**The data:**
---

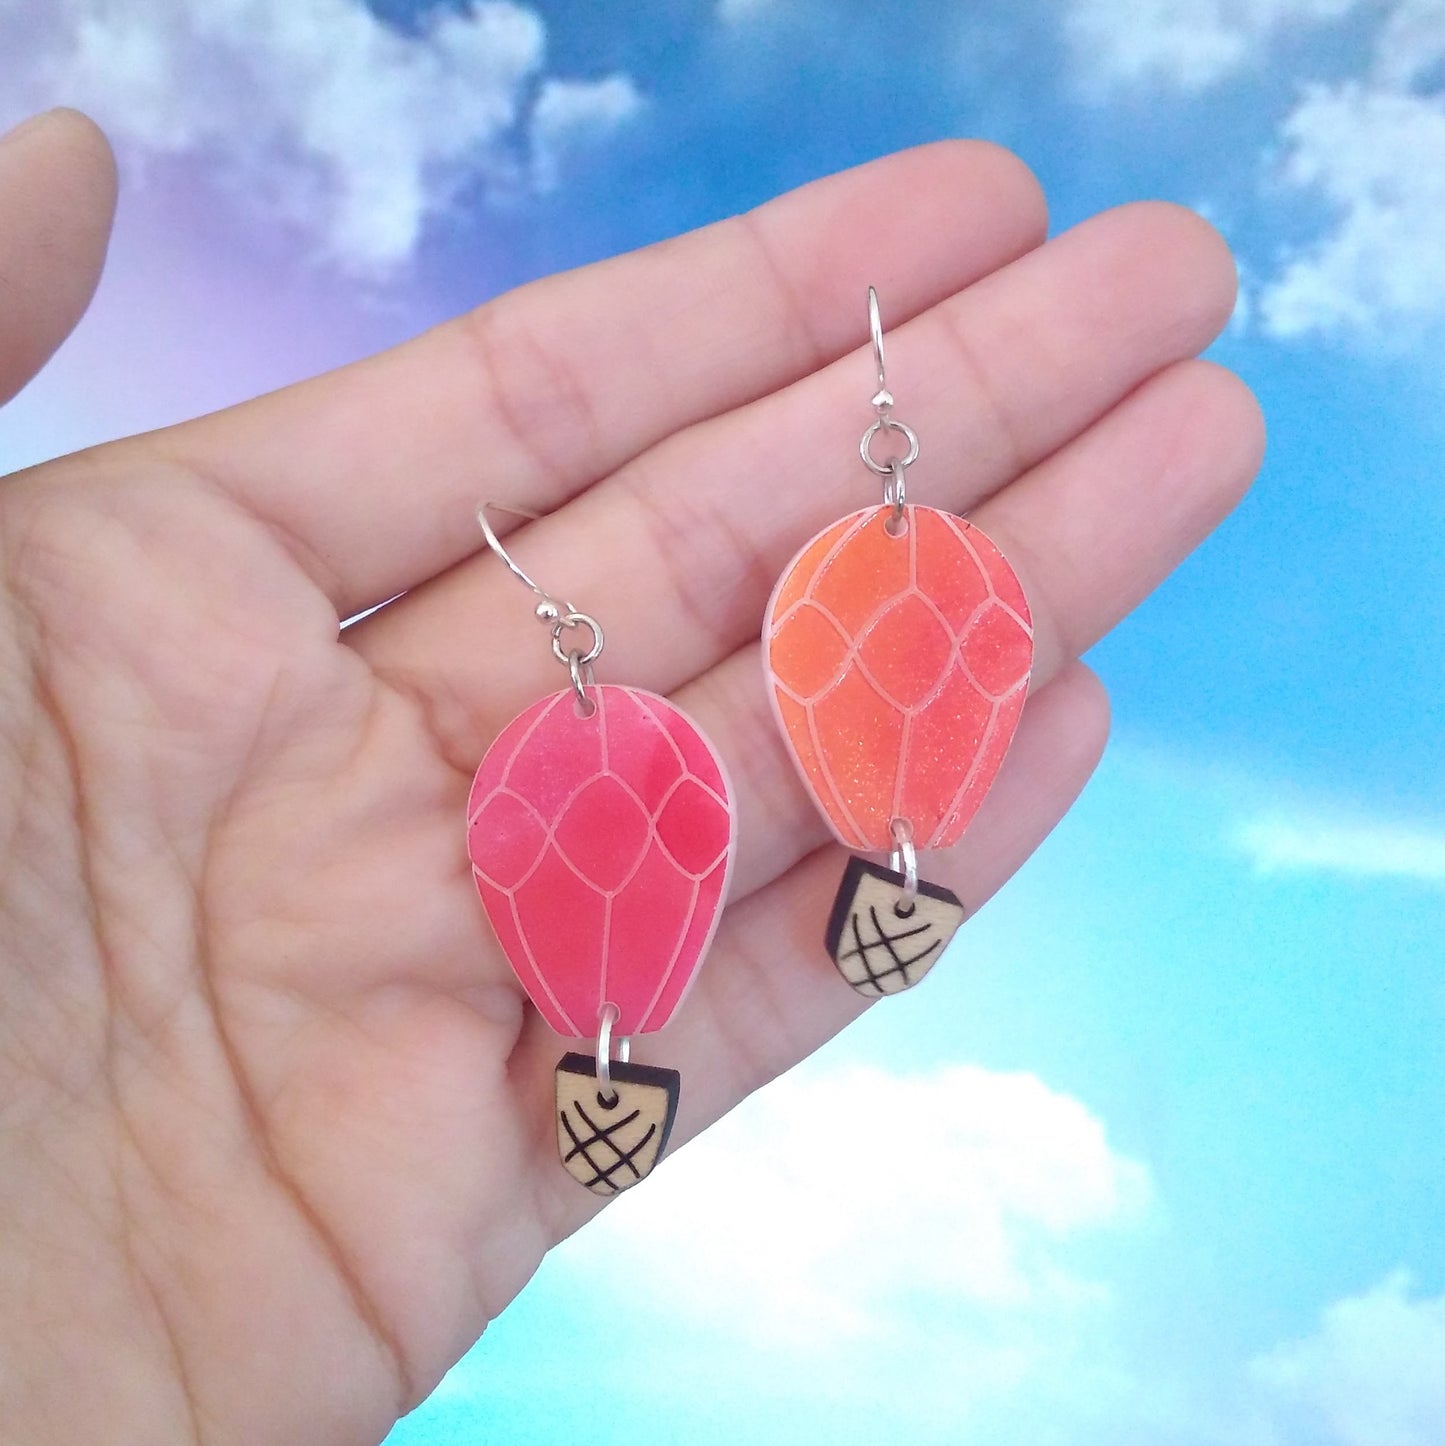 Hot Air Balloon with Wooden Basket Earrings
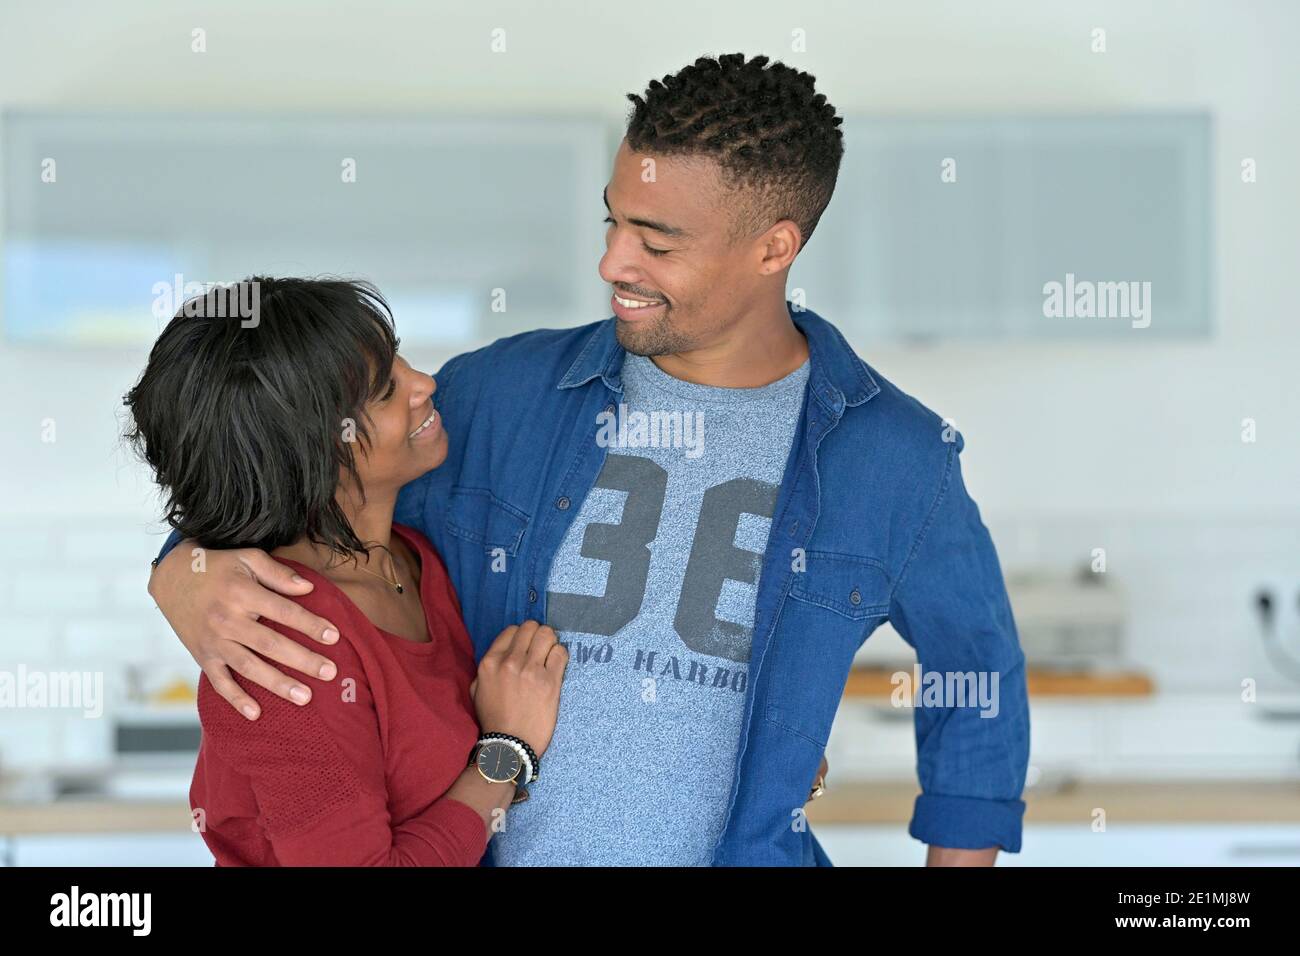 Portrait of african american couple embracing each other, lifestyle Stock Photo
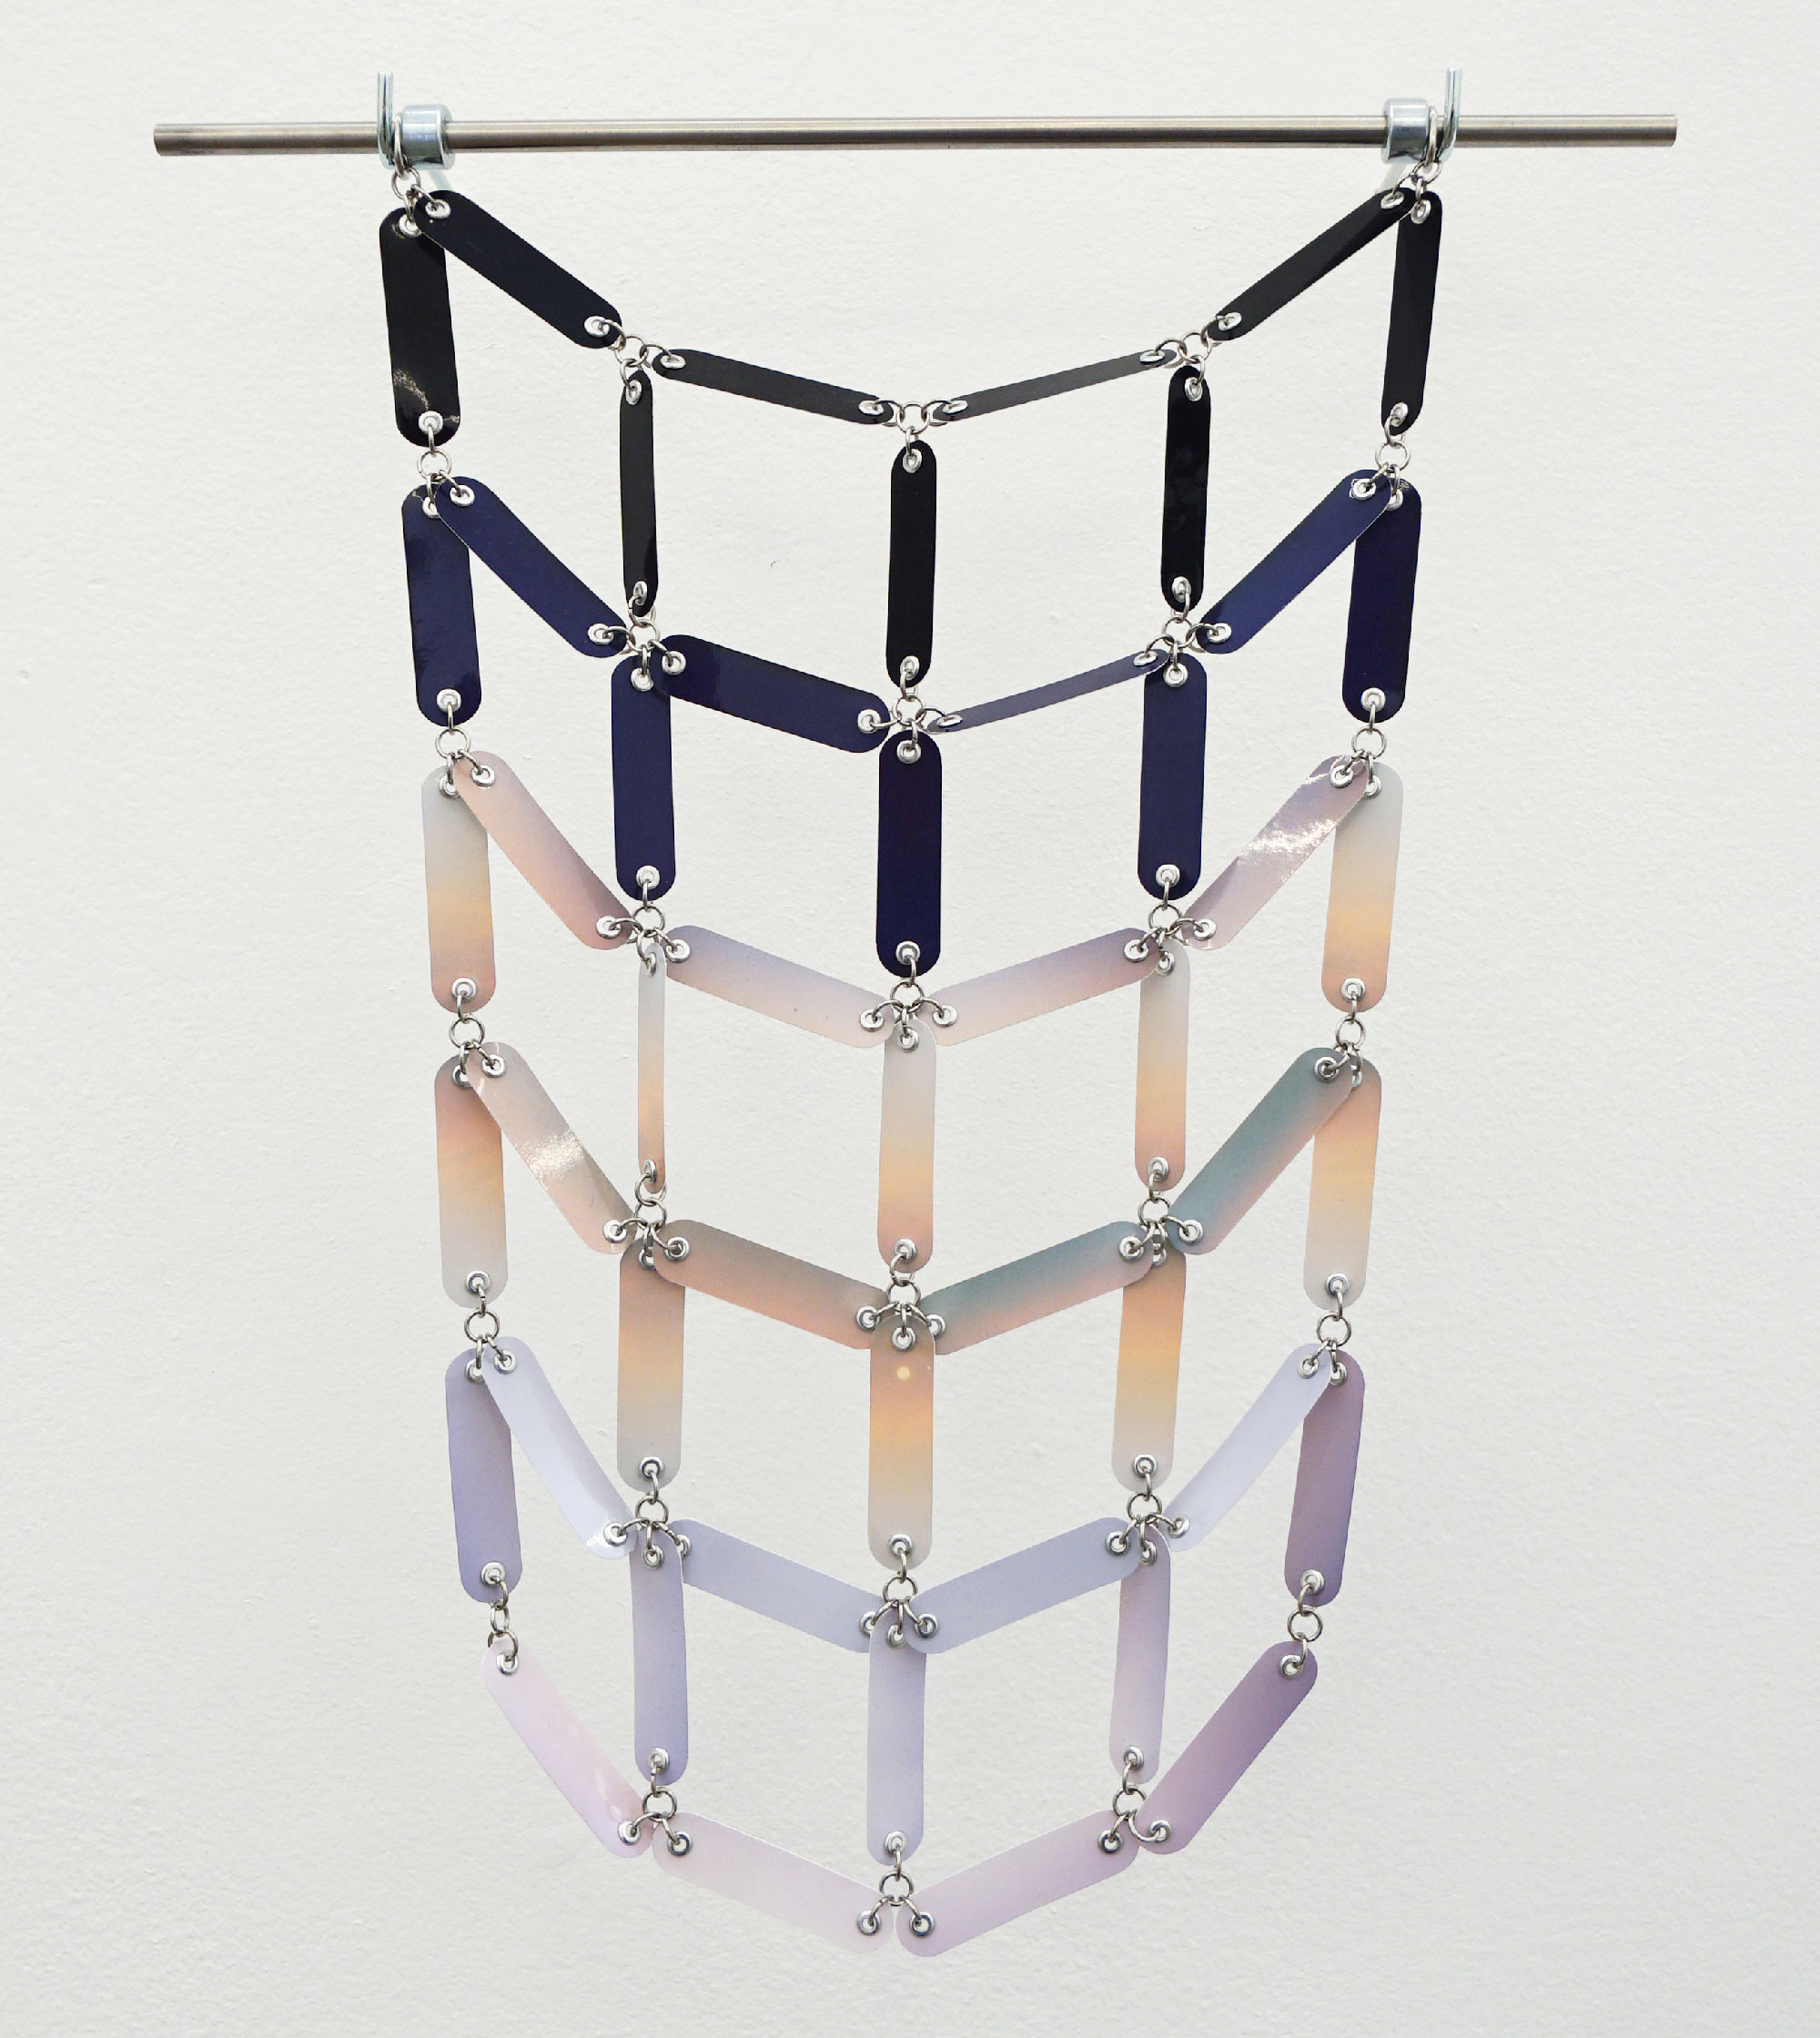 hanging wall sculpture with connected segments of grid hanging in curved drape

---

**Work instructions:** Set the listing down exactly, without its pictures.

**Solved exercise:**
 Hot Air Balloon with Wooden Basket Earrings
 Portrait of african american couple embracing each other, lifestyle Stock Photo
 hanging wall sculpture with connected segments of grid hanging in curved drape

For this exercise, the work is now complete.